I’ve judged an American Pale Ale with spruce that he brewed and it was awesome. The surprising thing about it was that although it was highly hopped the spruce still came through.
Pete recommends Sitka Spruce. I’ve used white spruce and the beers came out pretty good. However, I have yet to try the extended boiling that Pete recommends.
If you are serious about brewing a spruce beer I recommend searching the Forum for Pete Devaris and reading all the posts with respect to his spruce beer suggestions.
Spruce beers are good. Pine beers scare the willies out of me. Yuck!
I boil my spruce tips for an hour, as directed by Pete Devaris. it works great, turns out really nice. His wife even makes a great spruce tip jelly by boiling the tips for an hour and then (presumably) straining out the tips and adding gelatin.
Tremendous responses! Thanks for everything you guys are saying!
I’ve heard about Simcoe, and it’s been recommended, but my local homebrew store doesn’t have any in stock.
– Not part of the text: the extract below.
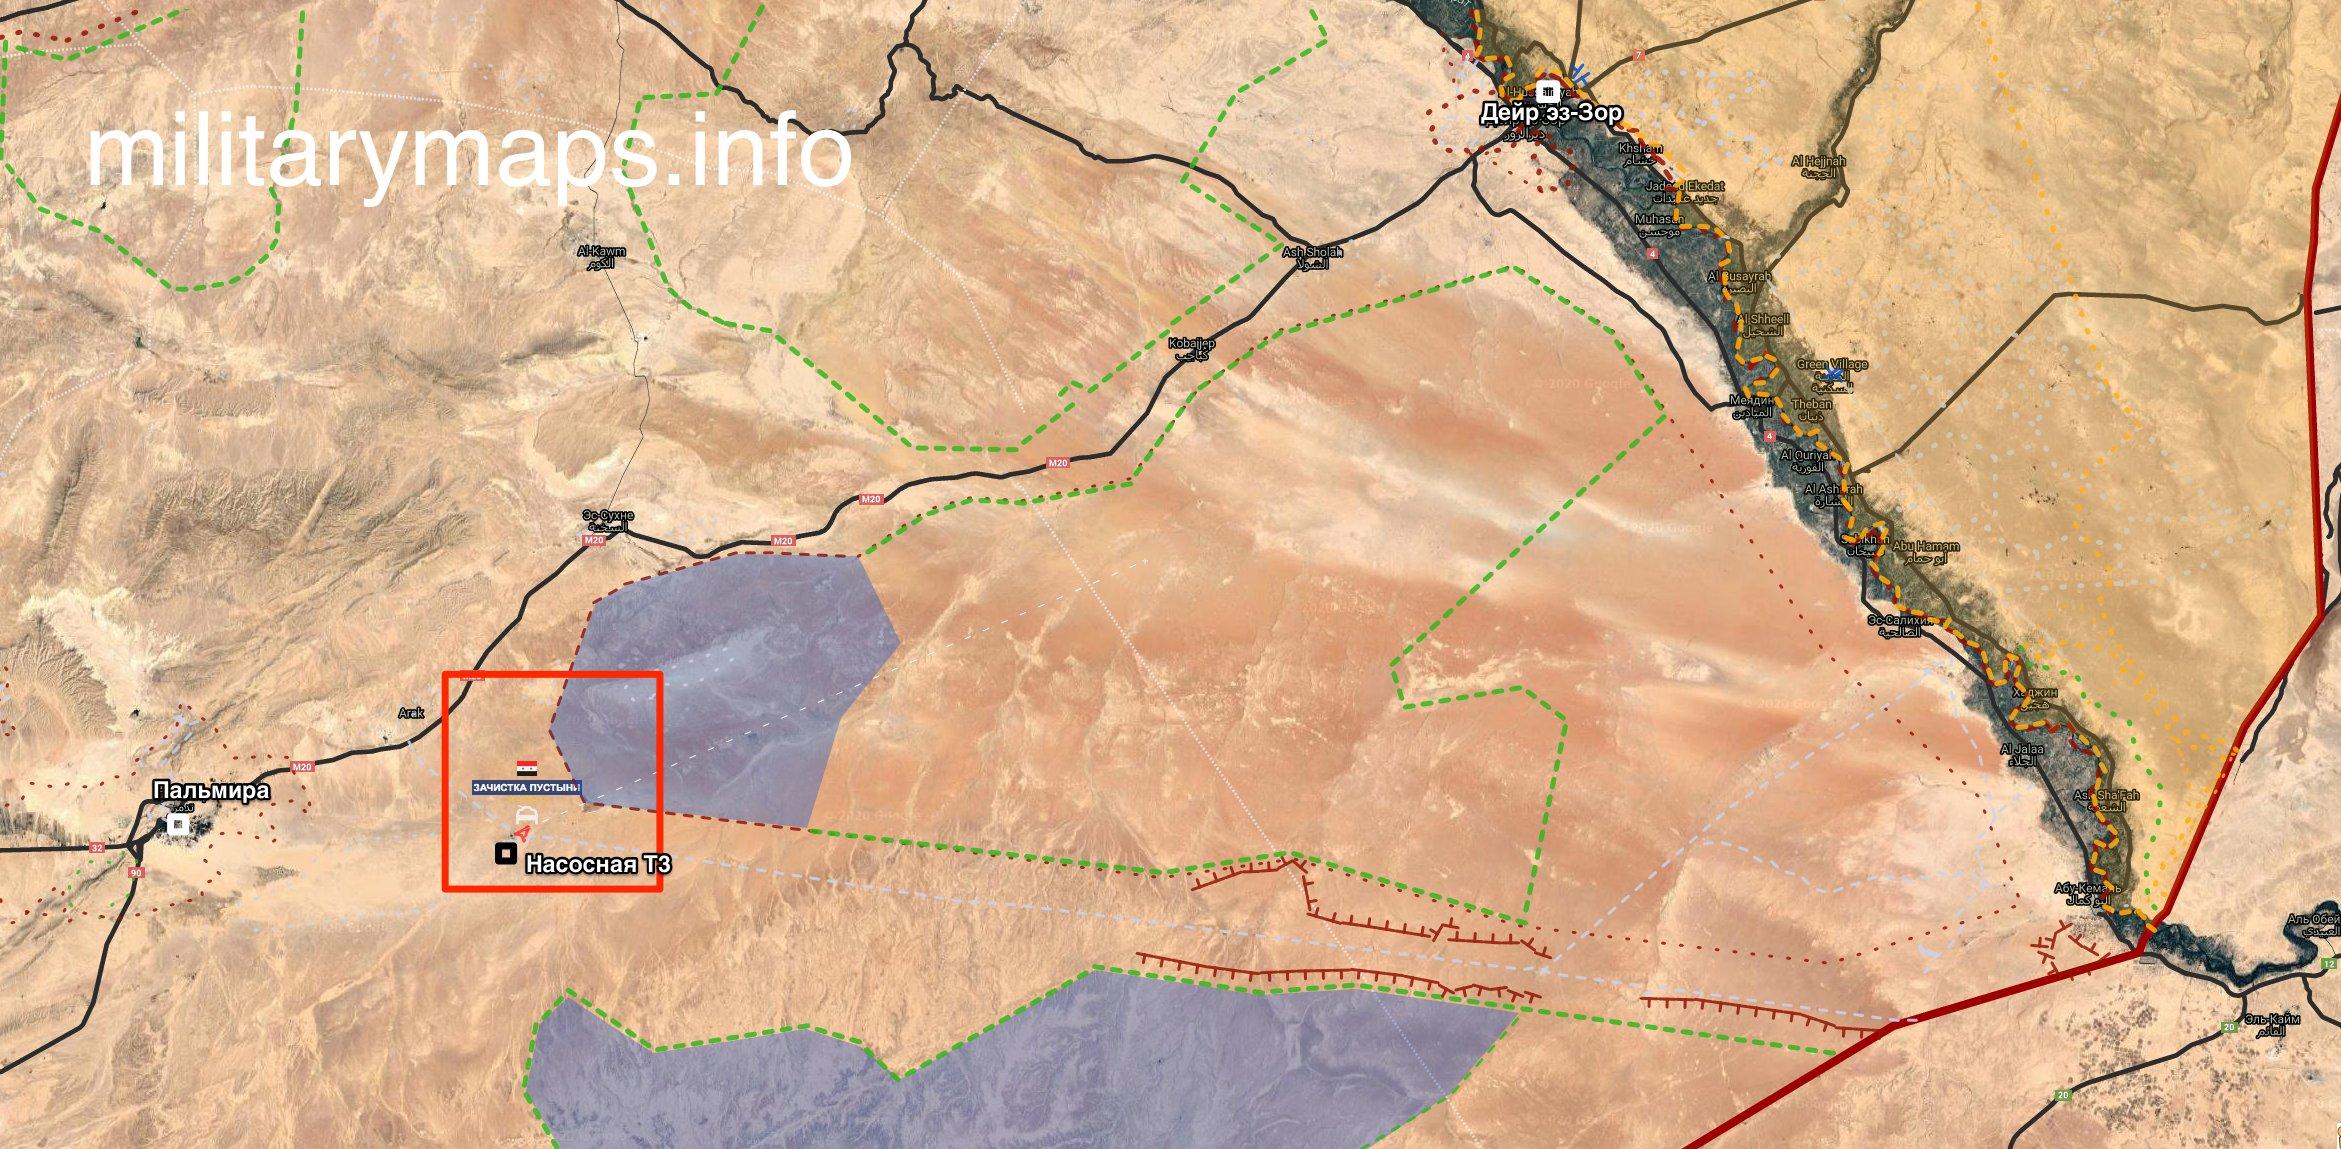 """خريطة توضح مكان محطة """"T3"""" وأماكن تحركات تنظيم """"الدولة"""" بين في منطقة كباجب بين دير الزور وتدمر (MilitaryMaps)"""

I love the idea of going for tips specifically – and I was just using Pine as a catch-all for that type of tree, though spruce was my (albeit unvoiced) intention. I live in Colorado, and my intent was to head up to the hills and snip some real tips and use those, but obviously the time of year has some effect. Does anyone think that the time of year will ruin it, or can I just boil them for an hour and roll with that? And to be clear (I’m a rookie, sorry) you’re saying boil them for an hour, and then proceed with the rest of the recipe in that boil, right?
Also, the suggestion of yarrow is VERY interesting, something I’m definitely going to read up on before I brew this weekend.